Three things the architecture taught me

1. The knowledge base is the product. The engine is plumbing. I spent a lot of early effort on the routing logic. Eventually I realized the routing was easy and the knowledge curation was hard. The interesting question isn’t “how do I match this query” — it’s “what should the answer say, and is that the answer that holds up under audit?” An LLM-first design hides this work inside model weights, where it can’t be reviewed. Pulling it out into structured files made the maintenance burden visible — but also made it tractable.

2. Determinism forces clarity about coverage.
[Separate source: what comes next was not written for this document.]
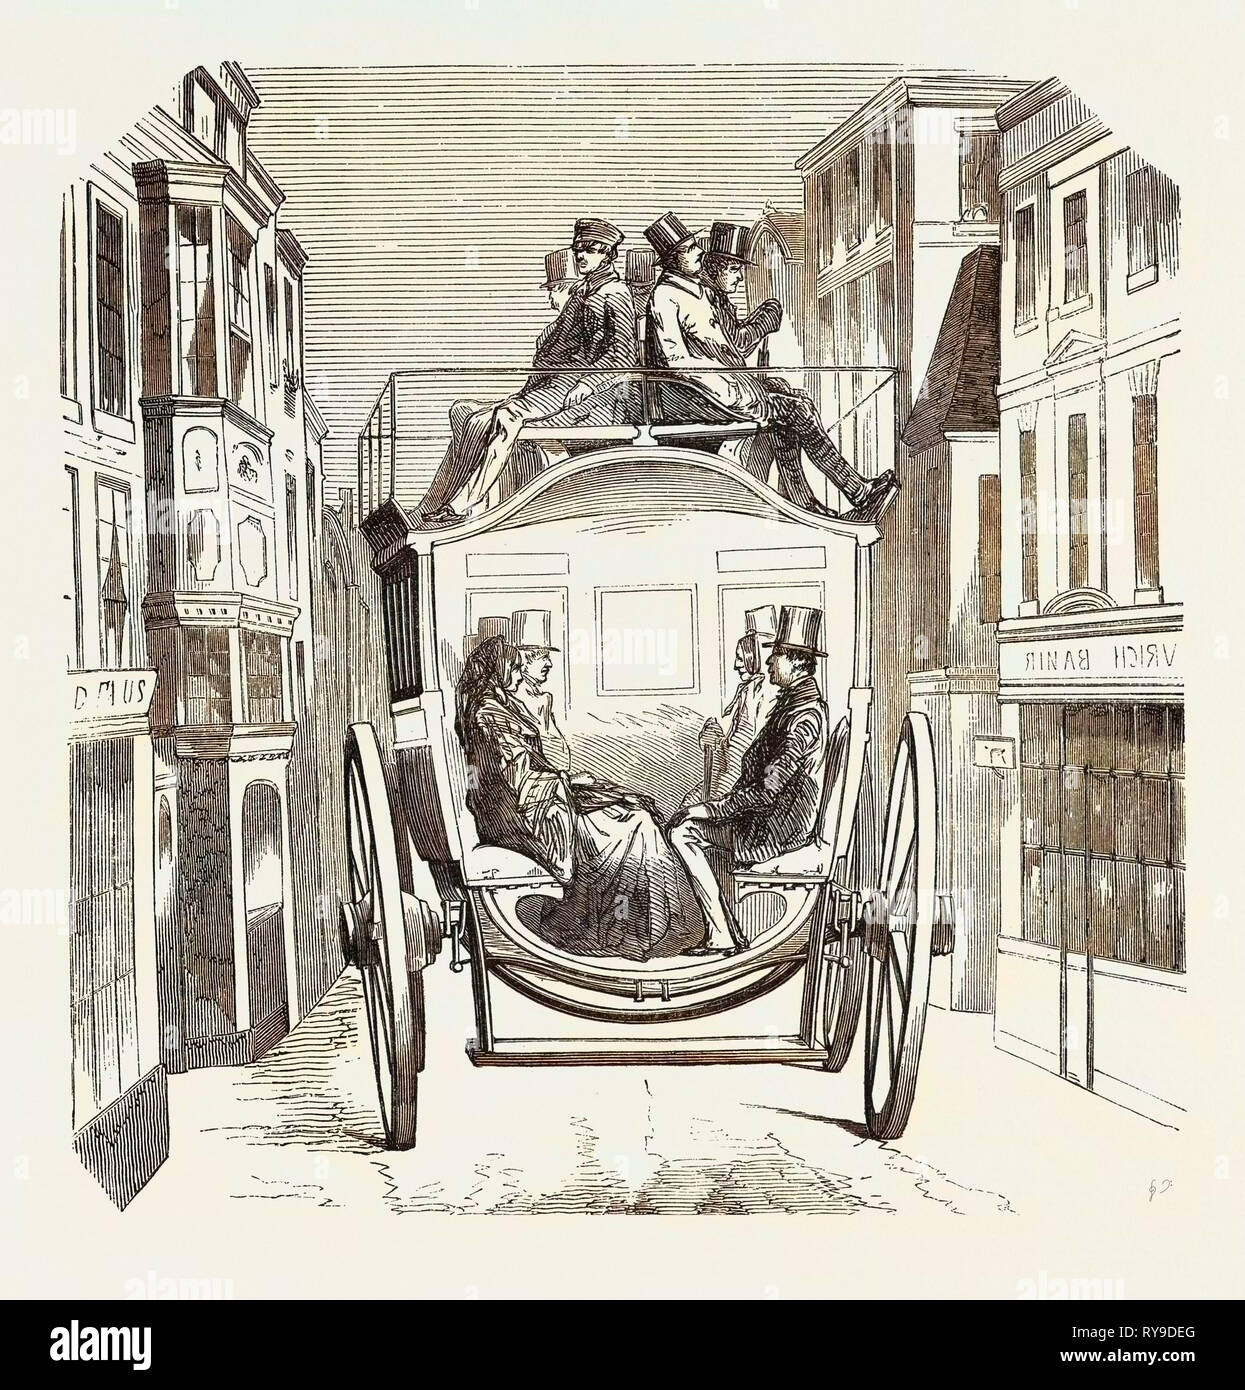 Modèle Adopté par la nouvelle compagnie d'autobus de la ville de Londres. Garniture intérieure. 1855, au Royaume-Uni. Gravure Banque D'Images
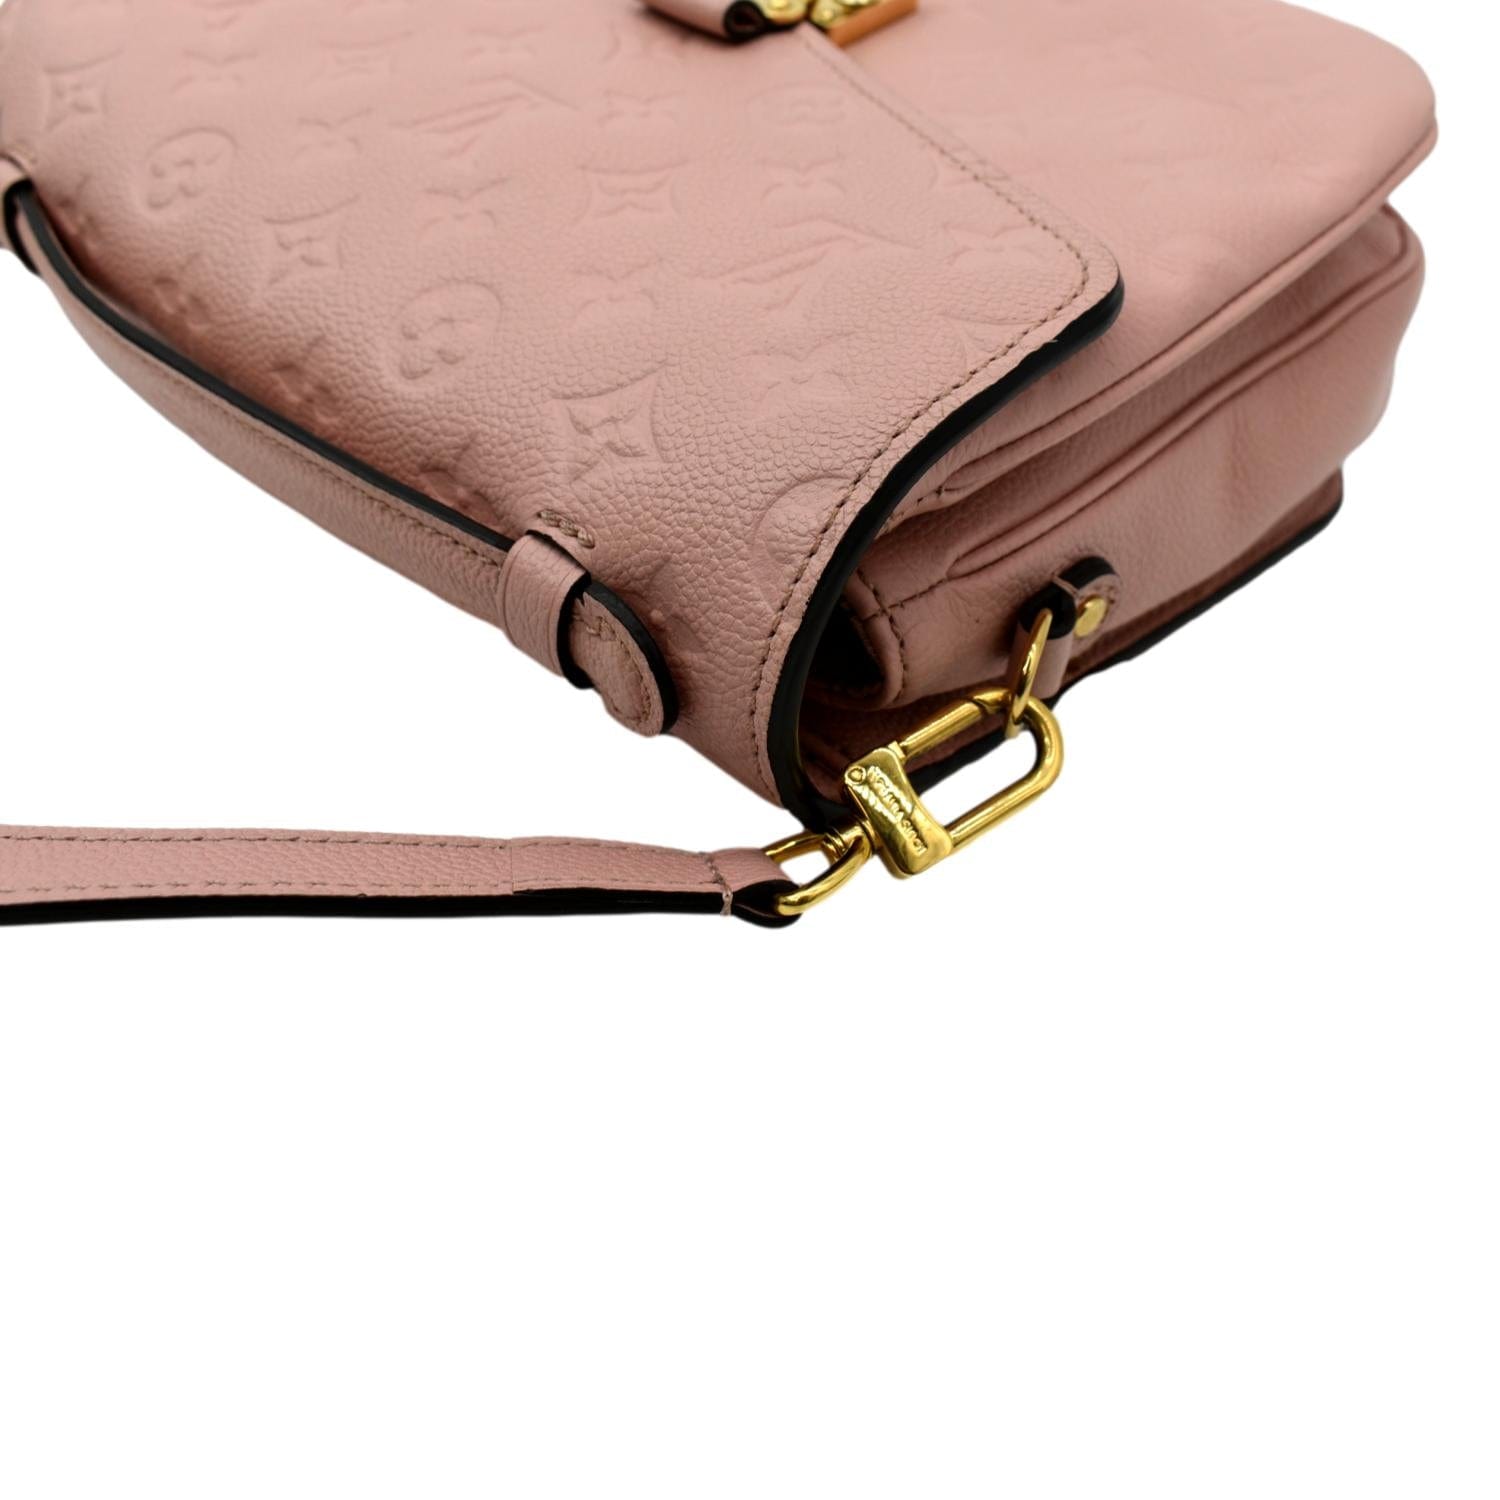 Mirror Pochette Bag in Beige Leather

With a deterministic engine, you can answer the question “what alerts is this tool useless for?” by running the corpus through it and listing the misses. That list is the roadmap. With an LLM, the equivalent is a vibes-based read of what the model gets wrong, which is a much harder thing to act on. The first time I generated a coverage gap list, I felt the difference immediately — I had a finite, prioritizable backlog instead of an open-ended quality concern.

3. The constraint is the feature. “No external calls” started as a compliance hedge. It turned out to be the thing that makes the tool deployable at all in tenants where any other architecture would have stalled in a security review. The constraint that looked most limiting up front ended up being the thing that opens the most doors.

I’d build it the same way again. If the prompt were ever “build something like this for a tenant where data egress isn’t a concern,” I’d still start with the deterministic engine and only reach for a model where it earned its place — which, in my experience, is a much smaller surface than the default discourse suggests.